= EXERCISE DIRECTIONS =
A faithful copy of every entry is the goal; keep the images out of it.

= PROVIDED MATERIAL =
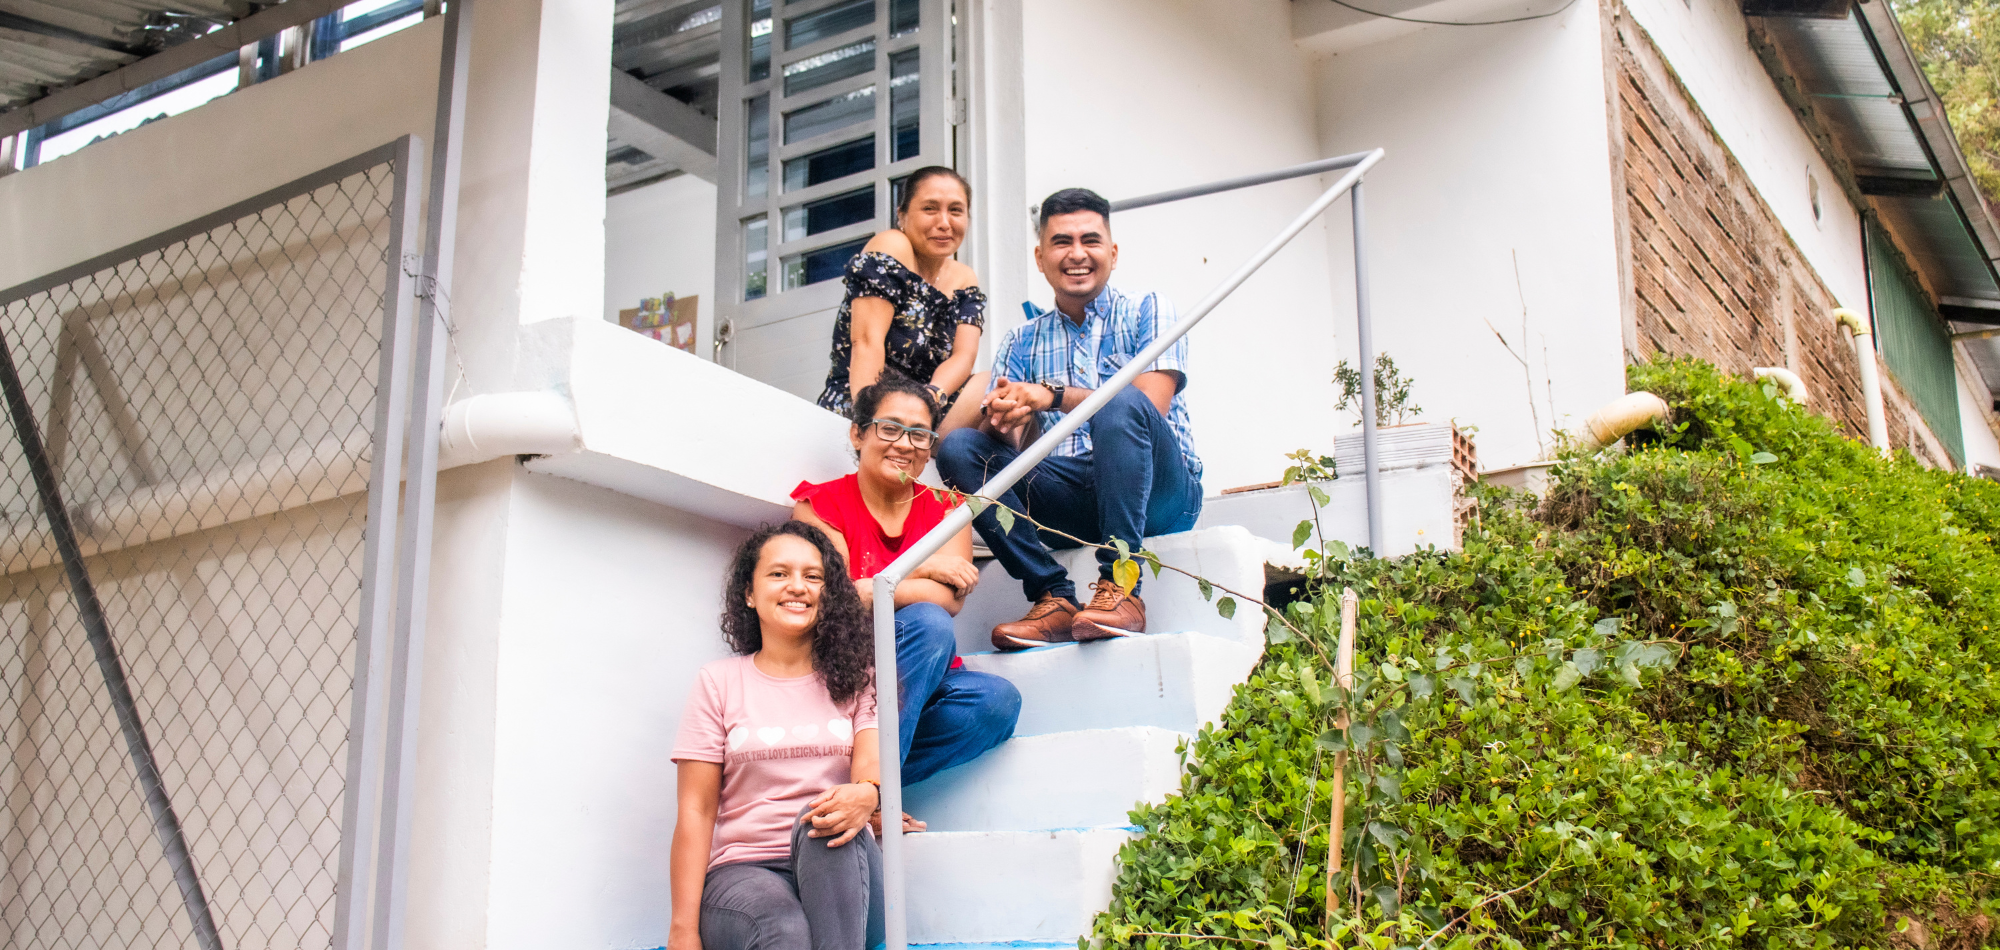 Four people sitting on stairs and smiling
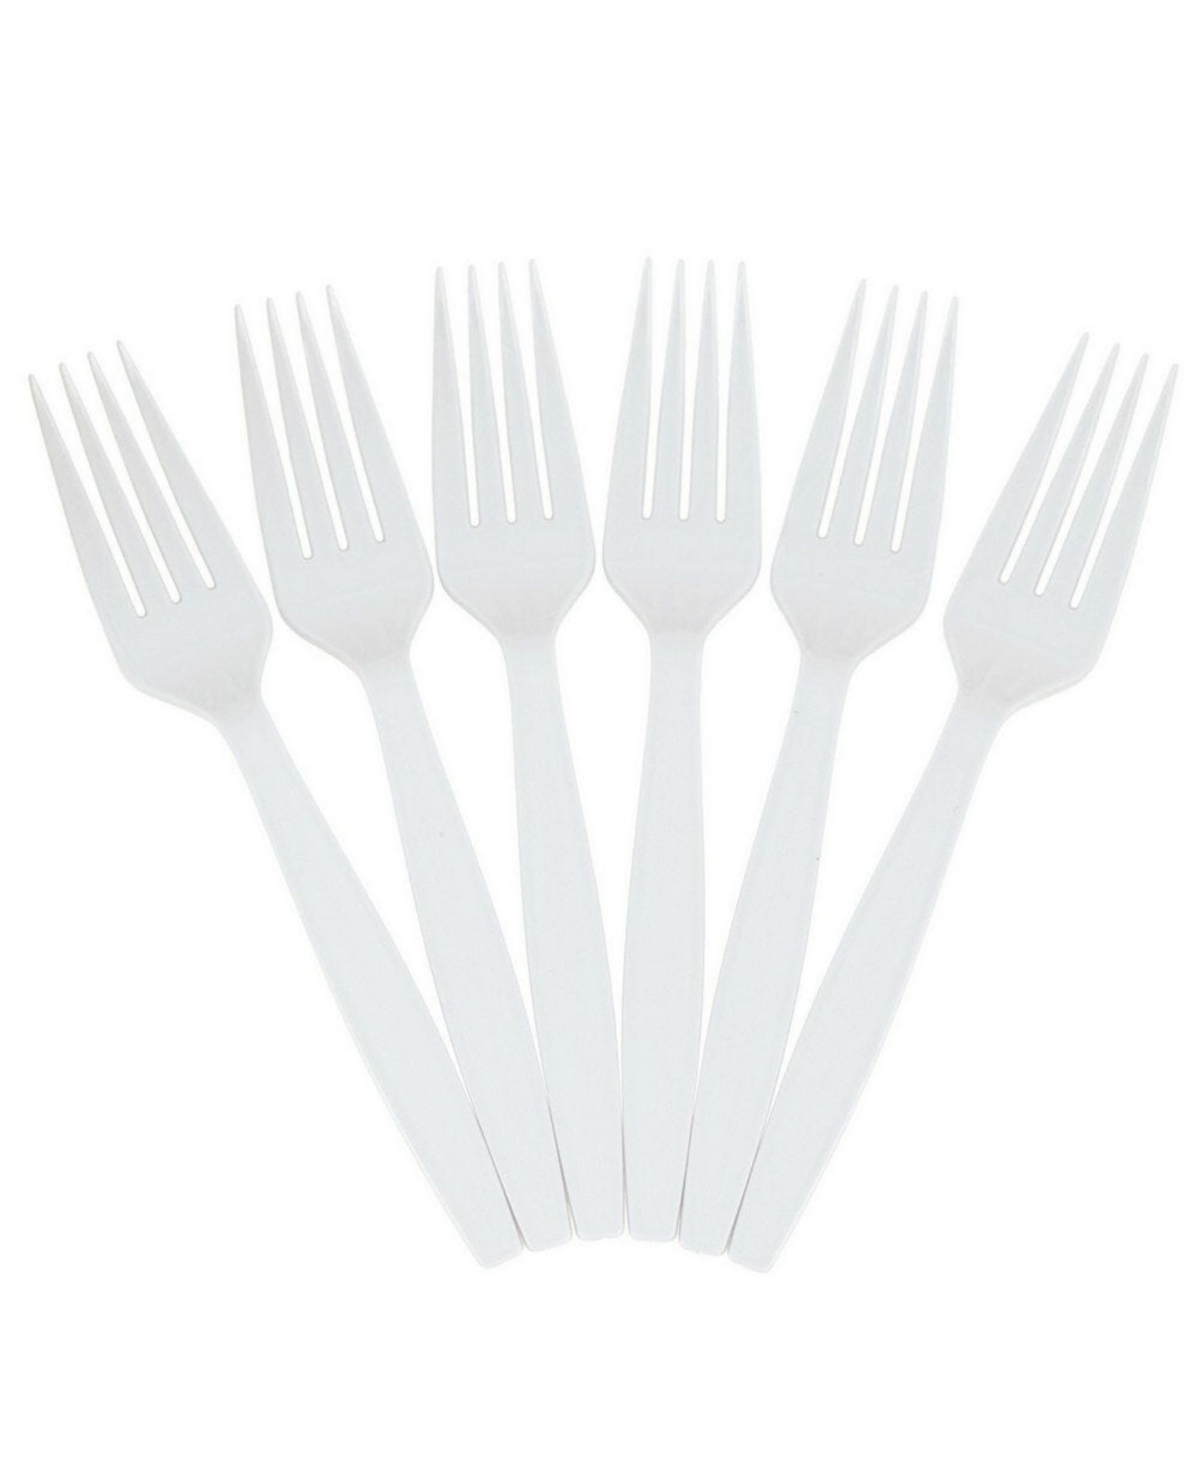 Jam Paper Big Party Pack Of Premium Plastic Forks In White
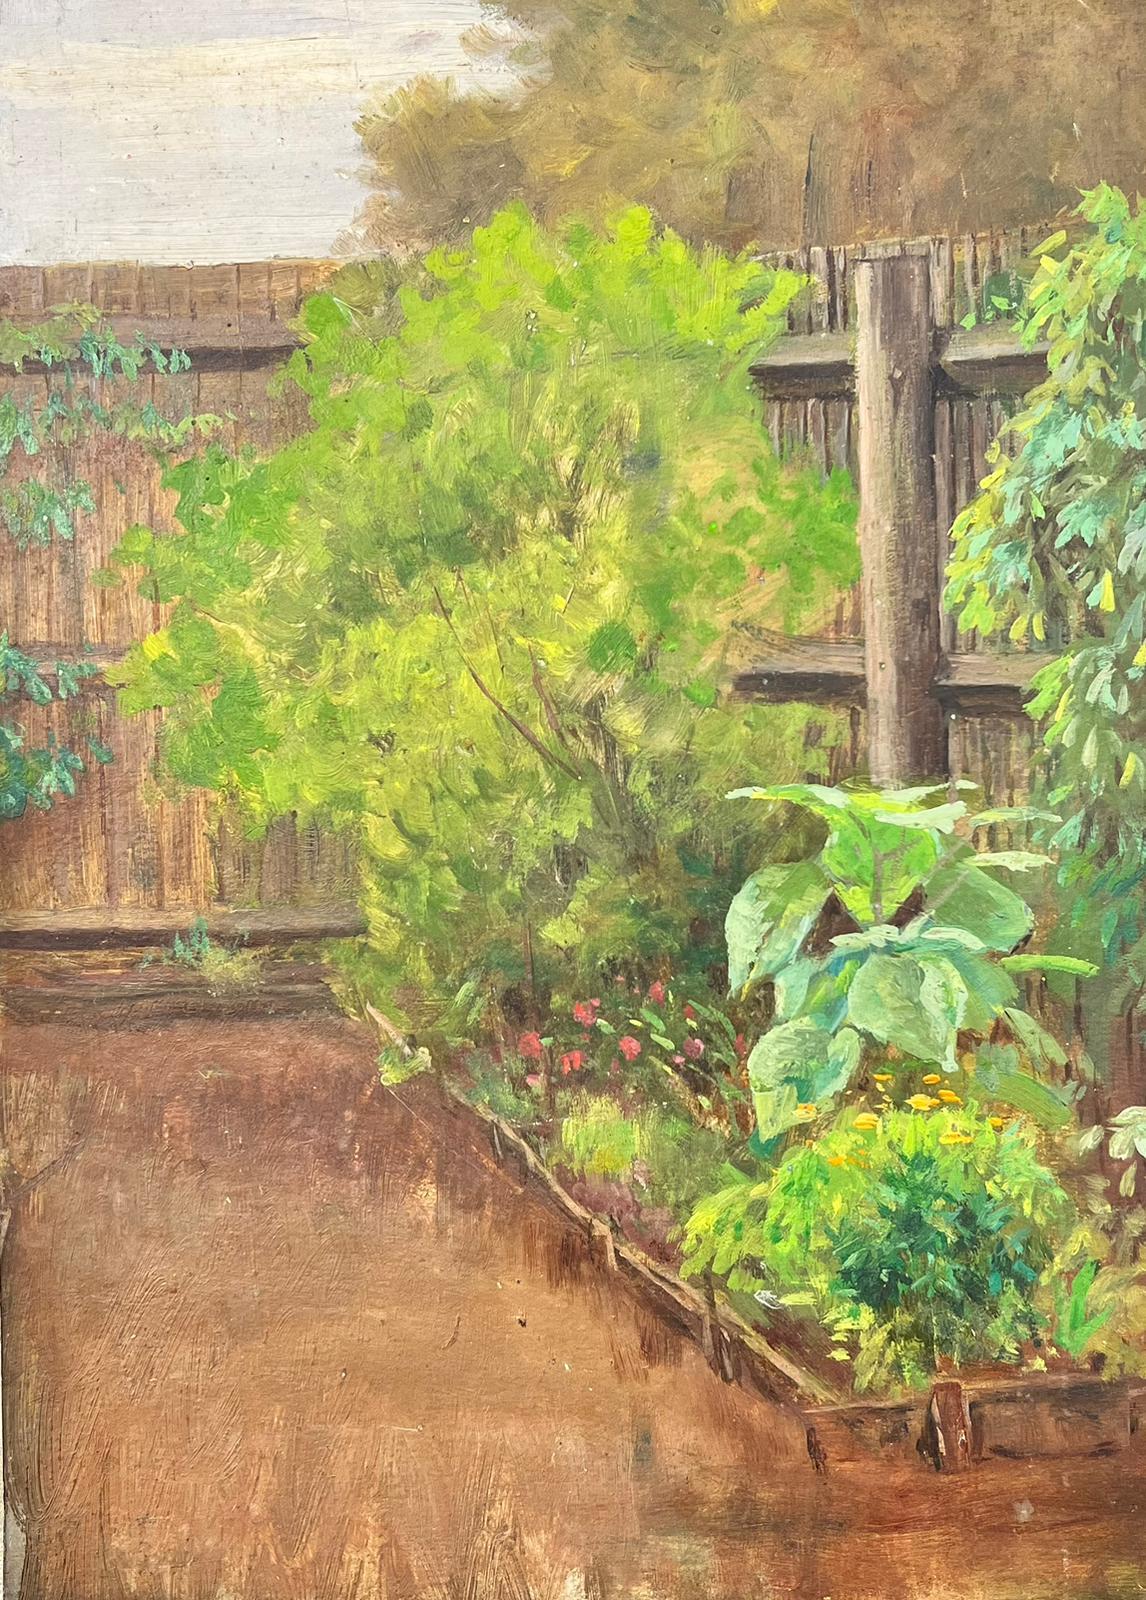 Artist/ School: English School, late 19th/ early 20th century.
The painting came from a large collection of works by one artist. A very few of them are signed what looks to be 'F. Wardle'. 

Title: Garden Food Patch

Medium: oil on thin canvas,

= SOLUTION =
 Four people sitting on stairs and smiling
 Jam Paper Big Party Pack Of Premium Plastic Forks In White
 Artist/ School: English School, late 19th/ early 20th century.
The painting came from a large collection of works by one artist. A very few of them are signed what looks to be 'F. Wardle'. 

Title: Garden Food Patch

Medium: oil on thin canvas,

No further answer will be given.